§ **WHAT TO PRODUCE**
Below this line is a listing that includes pictures. Copy exactly, and only, the lines from the one containing "Bulfinch 2023 Award" through the one containing "Nguyên liệu làm"; the pictures do not go in the copy.

§ **PROVIDED INFORMATION**
----------------

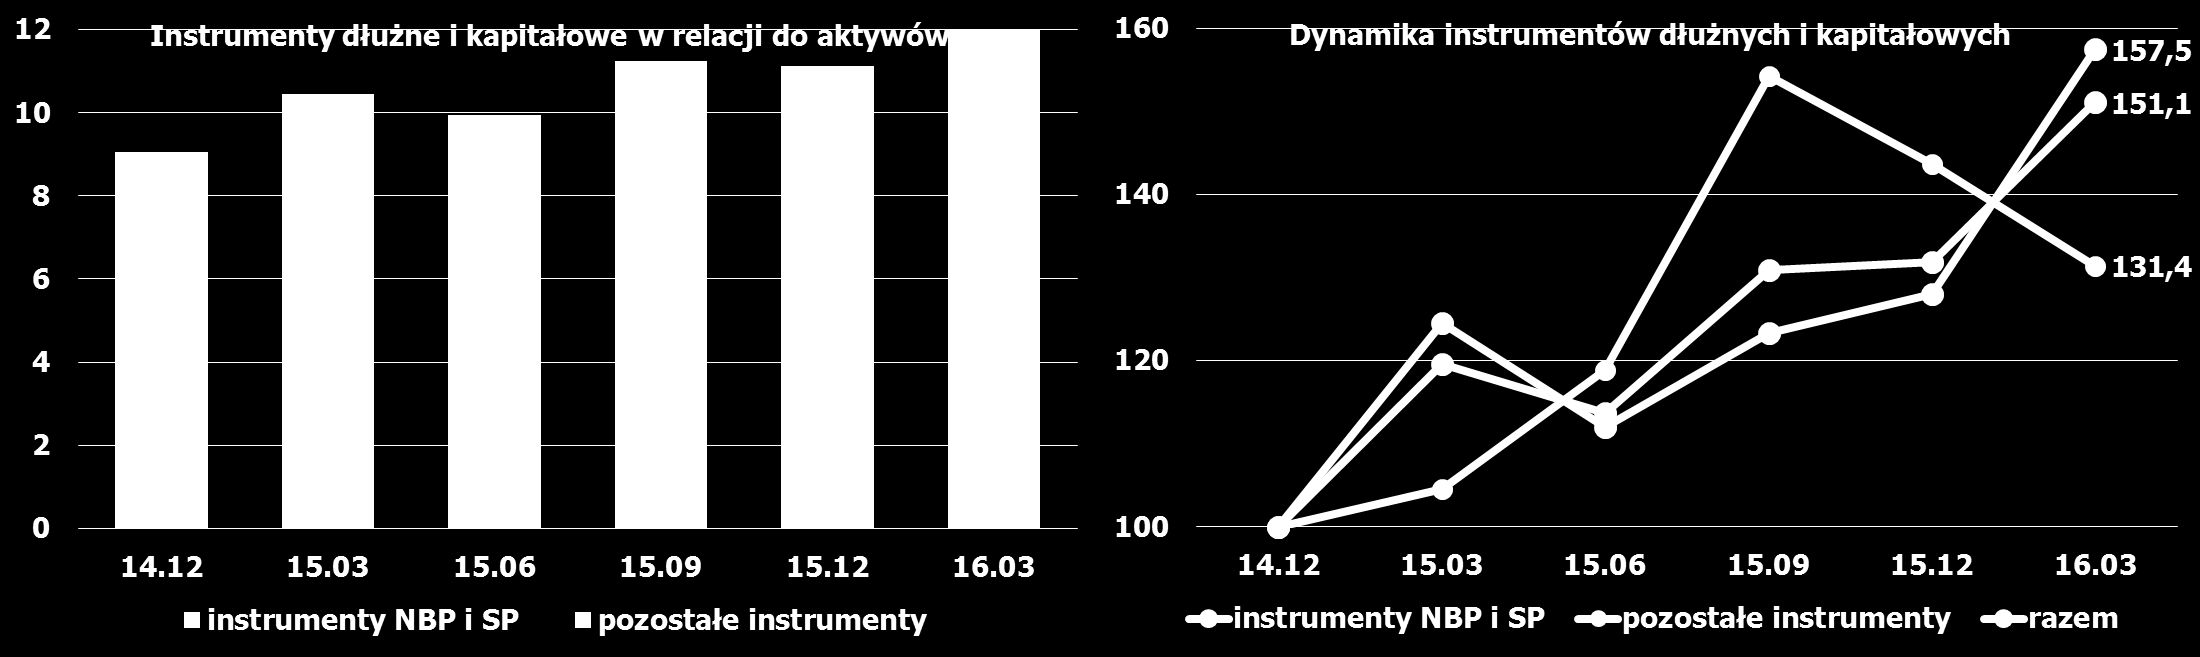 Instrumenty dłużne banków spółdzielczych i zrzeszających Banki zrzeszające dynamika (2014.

----------------

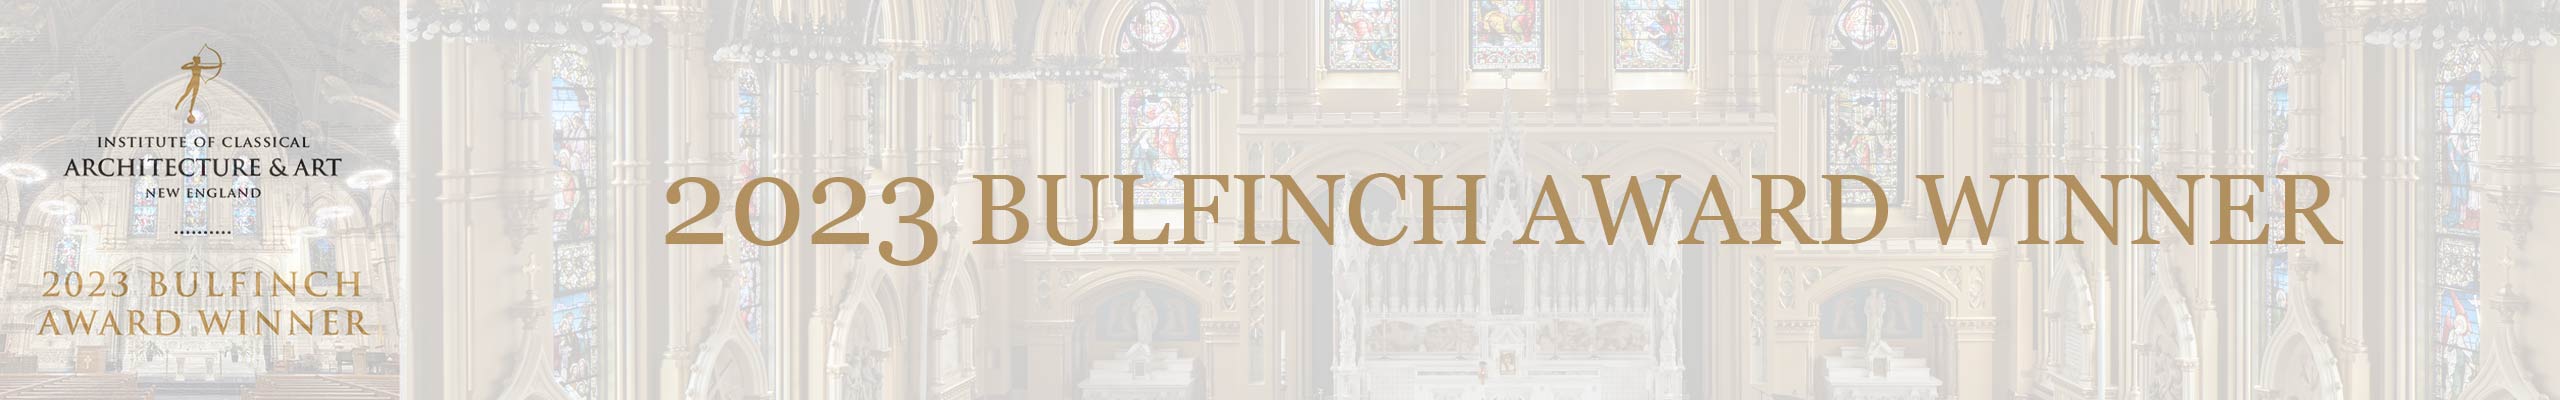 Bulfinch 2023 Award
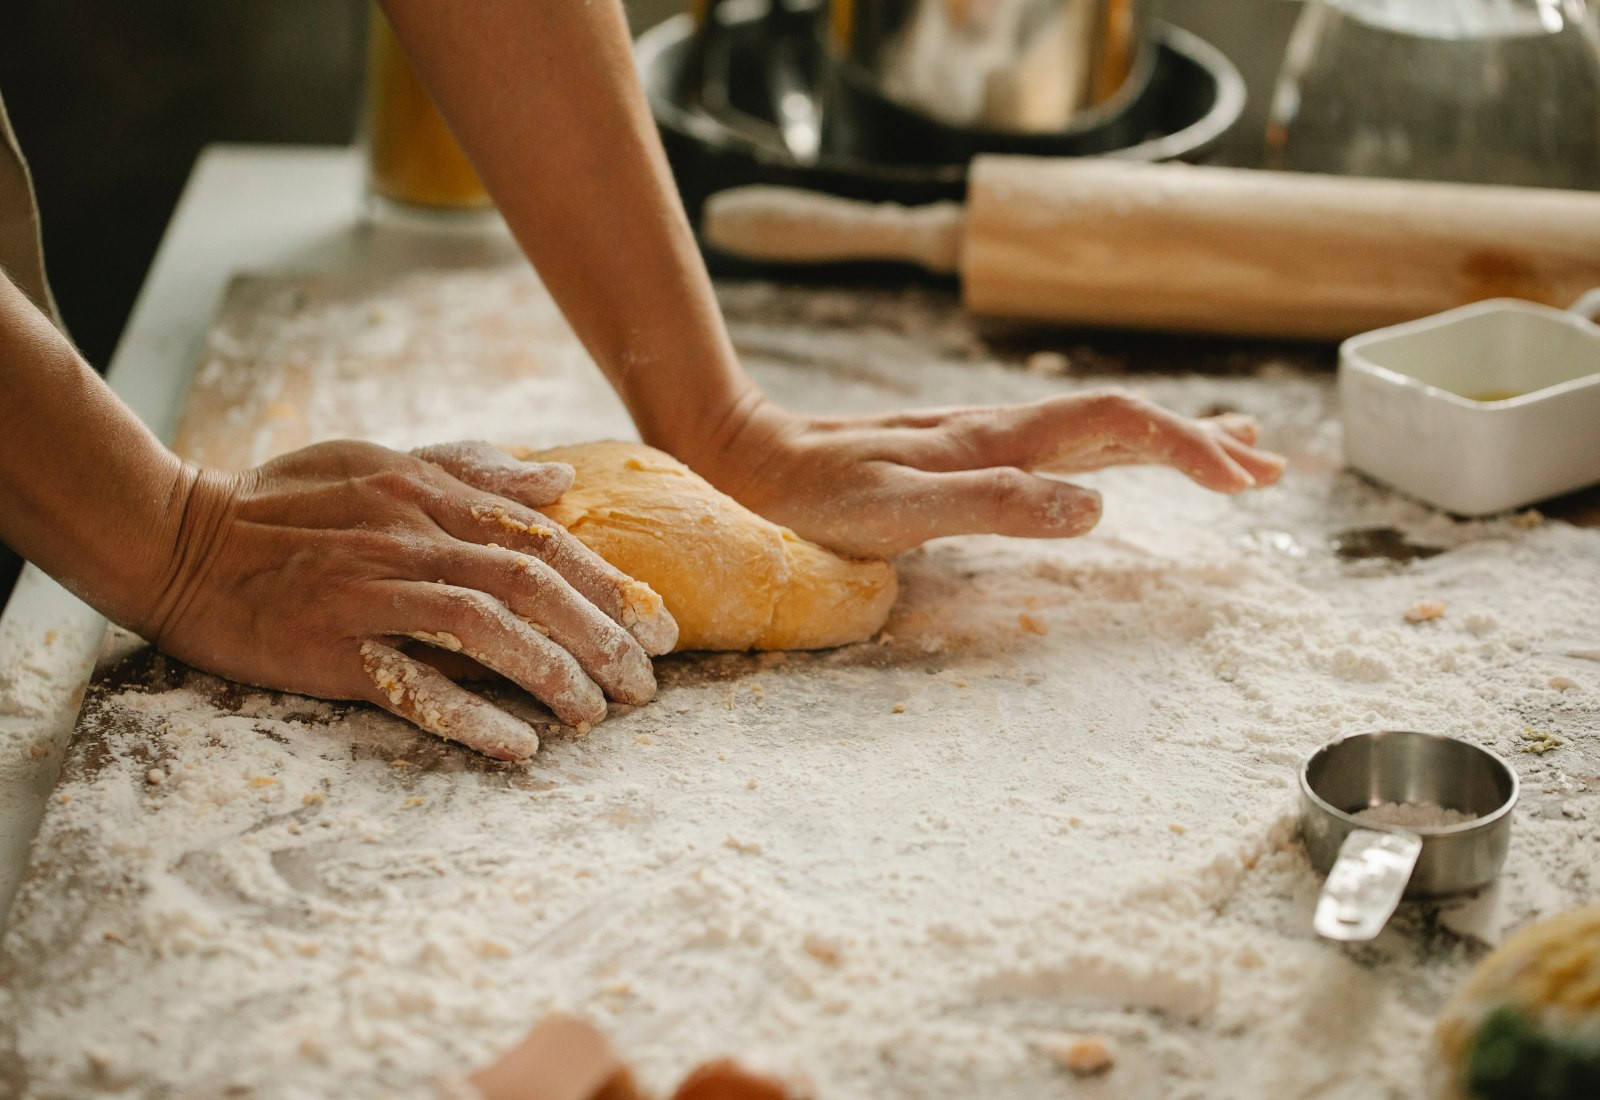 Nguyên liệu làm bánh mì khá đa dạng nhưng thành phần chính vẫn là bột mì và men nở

----------------

§ **RESPONSE FOR THIS EXERCISE**
 Bulfinch 2023 Award
 Nguyên liệu làm bánh mì khá đa dạng nhưng thành phần chính vẫn là bột mì và men nở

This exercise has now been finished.